Geese Update: A local family adopted the geese, who went on to win multiple ribbons at a local State Fair!

Wildlife Ambassadors & Bandana with Conservation Northwest

This summer the Tribe worked with Conservation Northwest and the local Mt Baker Snoqualmie National Forest’s Snoqualmie Ranger District to bring increased awareness and education about wildlife in the Middle Fork Snoqualmie.

Read about the effort here: https://conservationnw.org/notes-from-the-field-wildlife-ambassador-project-in-the-middle-fork-snoqualmie-river-valley/

Connections with all of you!

This year we were able to gather with more of you than ever, as we gathered at the Mindfulness Hike hosted by Seattle Running Collective, the Camas Restoration presentation hosted by the Meadowbrook Farm Preservation Association, and some other presentations and small gatherings throughout the year.

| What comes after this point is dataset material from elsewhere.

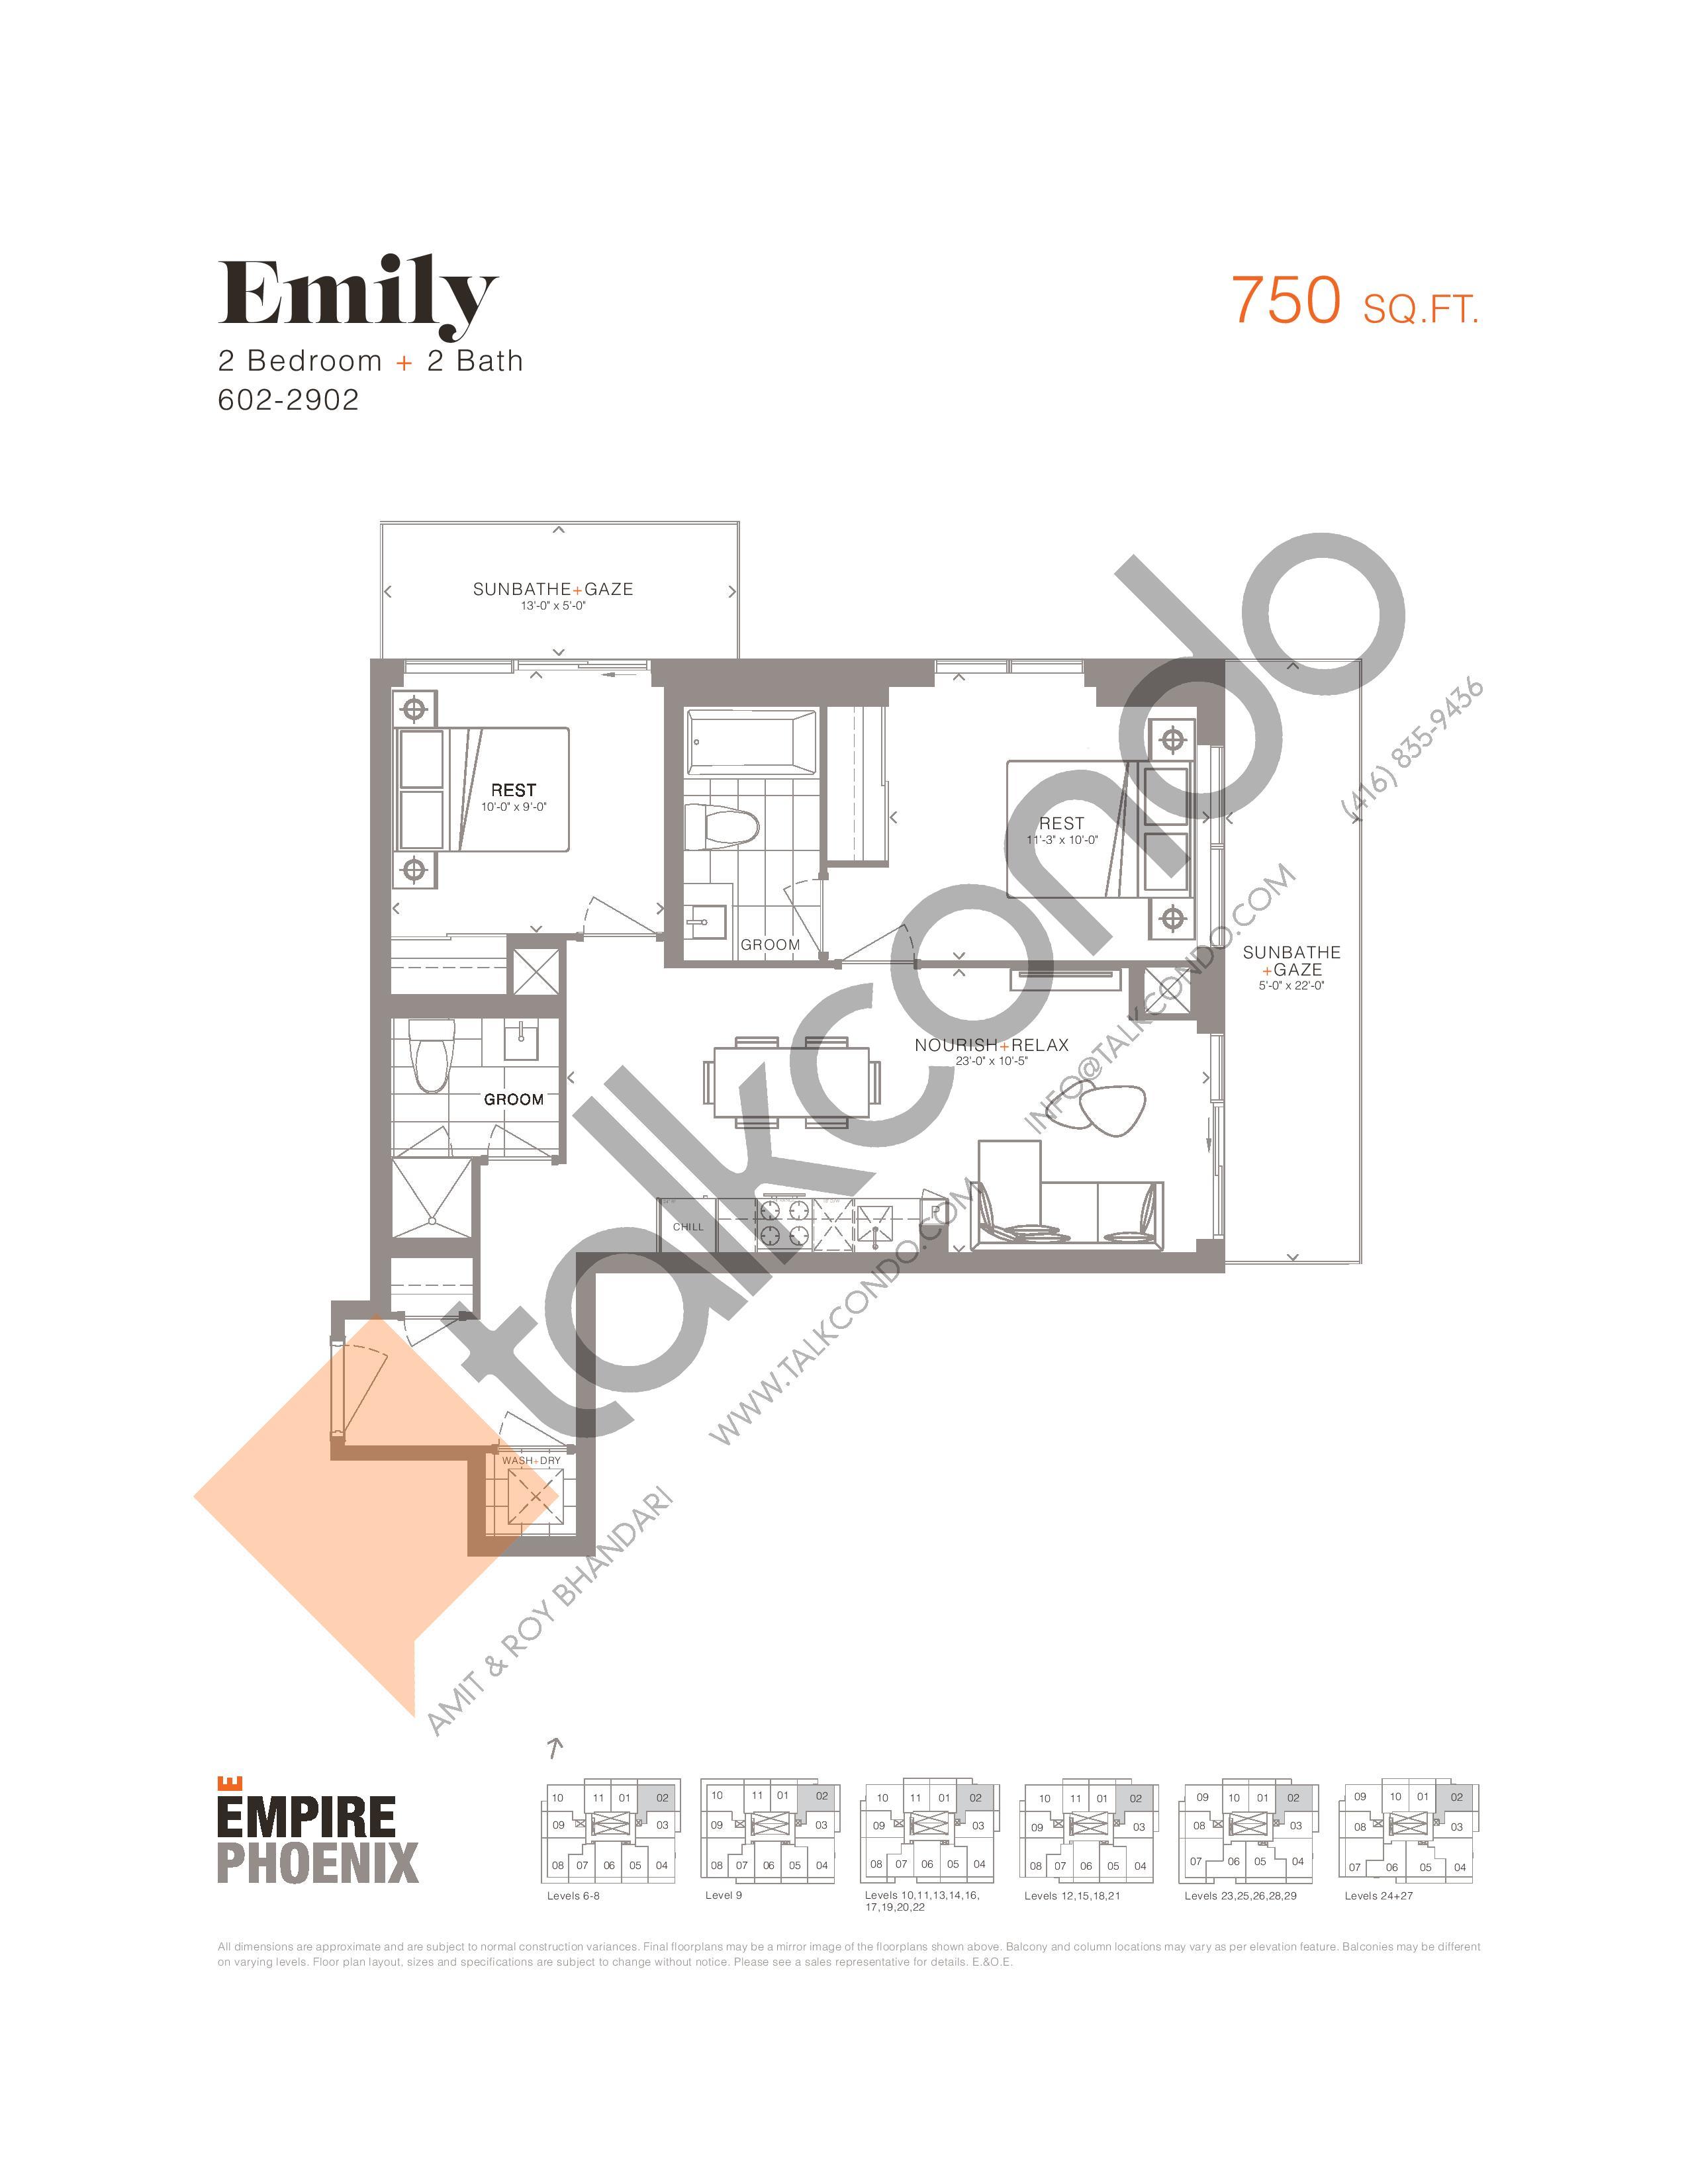 Emily Floor Plan at Empire Phoenix Phase 2 Condos - 750 sq.ft

We are looking forward to even more opportunities to gather with our partners and supporters in 2024!

Some of you also volunteered at the Tribe’s Restoration events hosted by our Environmental and Natural Resources (ENR) team, proving how recreation can be redefined to include activities which build reciprocity by giving back to Tribal Ancestral Lands.

So many of you also responded to our ask for feedback through our survey this Fall – thank you so much for everyone who responded! Thank you also for your patience as we work on getting out those special thank yous to those of you who voiced interest – we’re working on it!

Thank you to everyone who helped by sharing our posts, engaging in the comments, sending us appreciative notes and encouragement, and for all of the general support throughout the year. We appreciate you all so much.